It’s the ultimate classic vehicle restoration labour of love.

Geoff Lumb found an old bus made in Huddersfield in the 1920s and wanted to restore it back to full running order again.

That was in 1972 and only now, 50 years later, is the project complete with the bus on show in one of the UK’s top transport museums.

Sadly, 85-year-old Geoff lost his sight six years ago to macular degeneration and then a stroke so, although he couldn’t see his bus make its first outing onto a road in 90 years, he sat in it for one poignant last time before it left his Golcar workshop.

Geoff, an engineer who spent all his working life at Huddersfield engineering company Thomas Broadbent and Sons from apprentice to project engineer, is a transport enthusiast, historian and author.

The former Huddersfield Railway Circle chairman has written several books including British Trolleybuses 1911-1972 and Heyday of the Bus: Yorkshire but is determined to keep alive the memory of legendary Huddersfield bus and lorry manufacturer Karrier which was owned by the town’s Clayton family.

He recalls first seeing Karrier dustbin lorries while growing up on Lindley Moor and always wanted to find one to restore as he grew older.

Karrier only operated from just before the First World War until 1935 but made 2,200 chassis for army lorries and buses to help the war effort and in its peak years employed 1,000 people at its site on St Thomas’s Road near Folly Hall where Cathedral House now stands. The company built buses, lorries, vans and open-topped charabancs.

Karrier only ever built 169 buses in just four years from 1925 to 1929 and Geoff has a 1928 WL6 model that he’s restored over the last five decades after spotting it being used as a holiday caravan on sand dunes at a village called Talacre near Prestatyn in North Wales.

He’s been helped over the years by several friends, including most recently Stuart Young from Dalton, who has been his chief engineer, and the late Malcolm Powell from Golcar who worked on the electrics.

Geoff, who is now providing his extensive archive for author Mike Fenton to work on a book called Karrier The Huddersfield Years, was determined the renovation should be authentic and spent years tracking down five of the other 169 buses to get the spare parts he needed for his project.

He found the radiator in Scotland, a petrol tank in Kent and other bits and pieces across the country and reckons the renovation project will have cost around £80,000 over the 50 years.

“It’s been a treasure hunt that’s gone on for a large part of my life,” he said.

The bus has now gone to the Museum of Transport, Greater Manchester which will take it to Ashton-under-Lyne for an official unveiling on June 30 as the bus operated in Ashton 90 years ago.

Geoff, of Cowlersley, said: “Letting the bus go was a very sad day for me. It’s been such a massive part of my life.”

But he’s determined to keep the Karrier heritage alive. During the First World War 160 Karrier employees joined the forces and around 10% of them lost their lives.

Their names were on a wooden memorial board which Geoff saved, had it restored and it now hangs in Huddersfield Drill Hall, home to the territorial army.

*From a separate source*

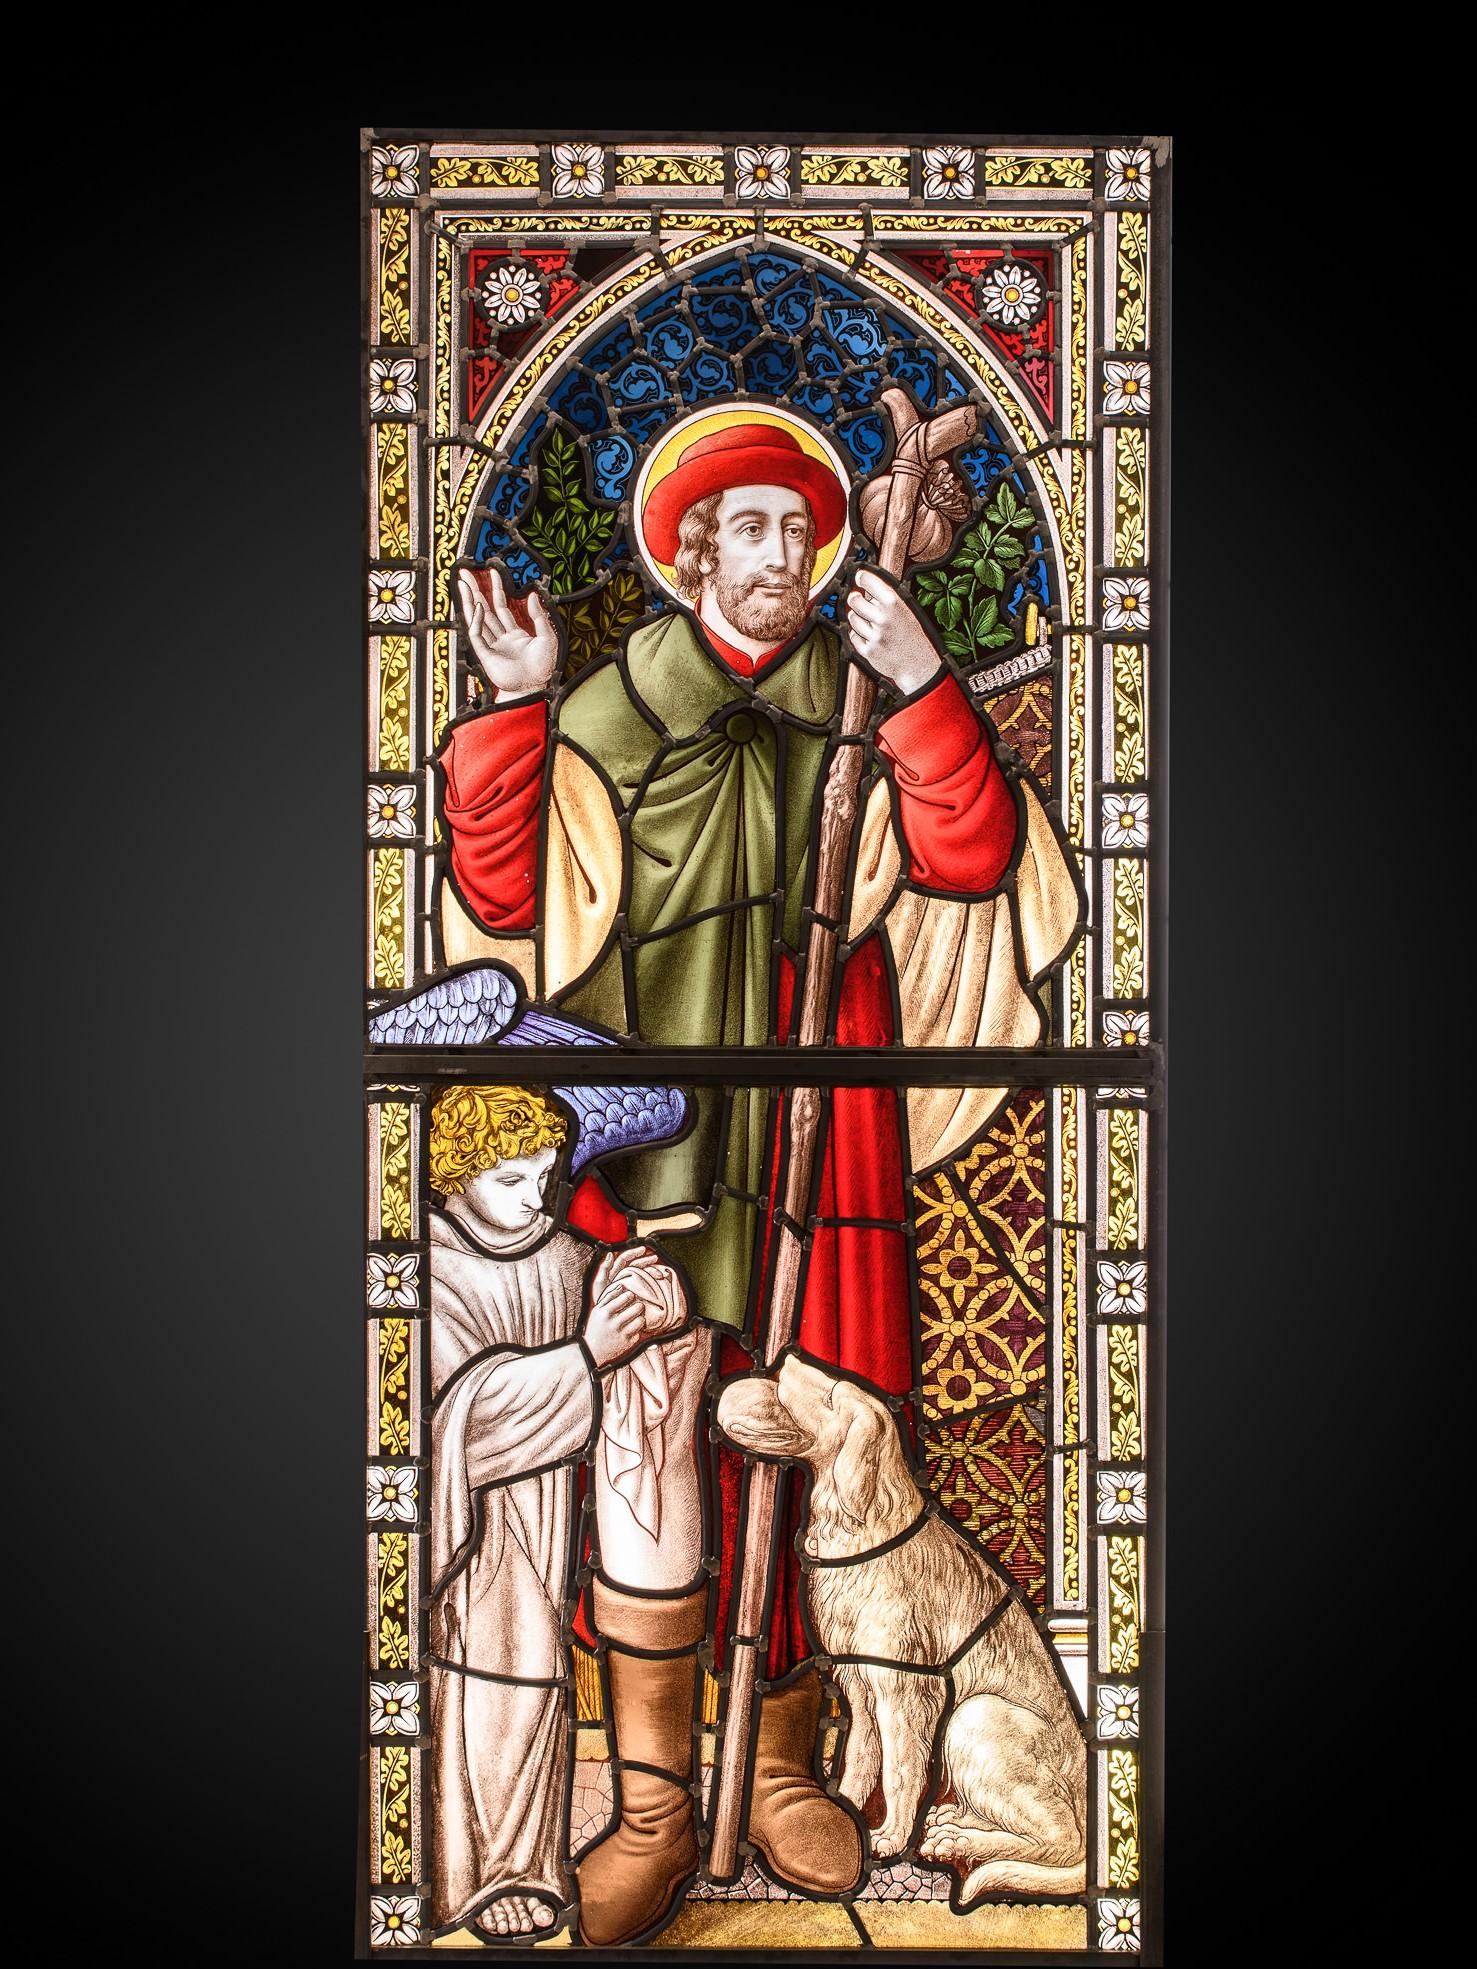 Neo-Gothic Stained Glass Window with St. Roch, Belgium - Painting by Unknown

Symbols on the board indicate the men who never came home.

The Karrier brand was made obsolete almost overnight. Its vehicles were powered by petrol engines but were replaced by other makes that used the new diesel engines that were way cheaper to run.

Or, as Geoff admits: “With the Karrier bus you’d get three miles to the gallon … if you’re lucky.”

Geoff has been married to Ethel for 54 years and the couple have two daughters, Clare and Jane, and three grandchildren.

He has some other vintage buses, a 1938 Guy Wolf which he’s owned since 1966, a 1932 Commer Centaur and three other Karrier chassis.

All the buses are known as the Golcar Transport Collection which has traditionally been open to the public on just one day every year, Golcar Lily Day in May. Geoff says that now the Karrier bus has gone the collection won’t open again.

When Geoff and Ethel married on August 21, 1968, it was the same month local ITV news started and they featured the couple’s wedding as they used the 1938 Guy Wolf bus for the wedding party. The bus was also used when both their daughters got married.

“It has such a lot of happy memories for us,” said Ethel. “We’ve been all around the country in it over the years.

“Geoff has put his heart and soul into renovating the Karrier. After he finished work in 1992 he was up there in Golcar every day working on it until he lost his sight but it’s part of Huddersfield’s history and something that’s now preserved for future generations.

“Very few people remember that Huddersfield had a bus and lorry manufacturing industry so what Geoff has done is a wonderful gift for the town to see something from almost 100 years ago now back to just how it looked and worked in 1929. It really has been a labour of love.”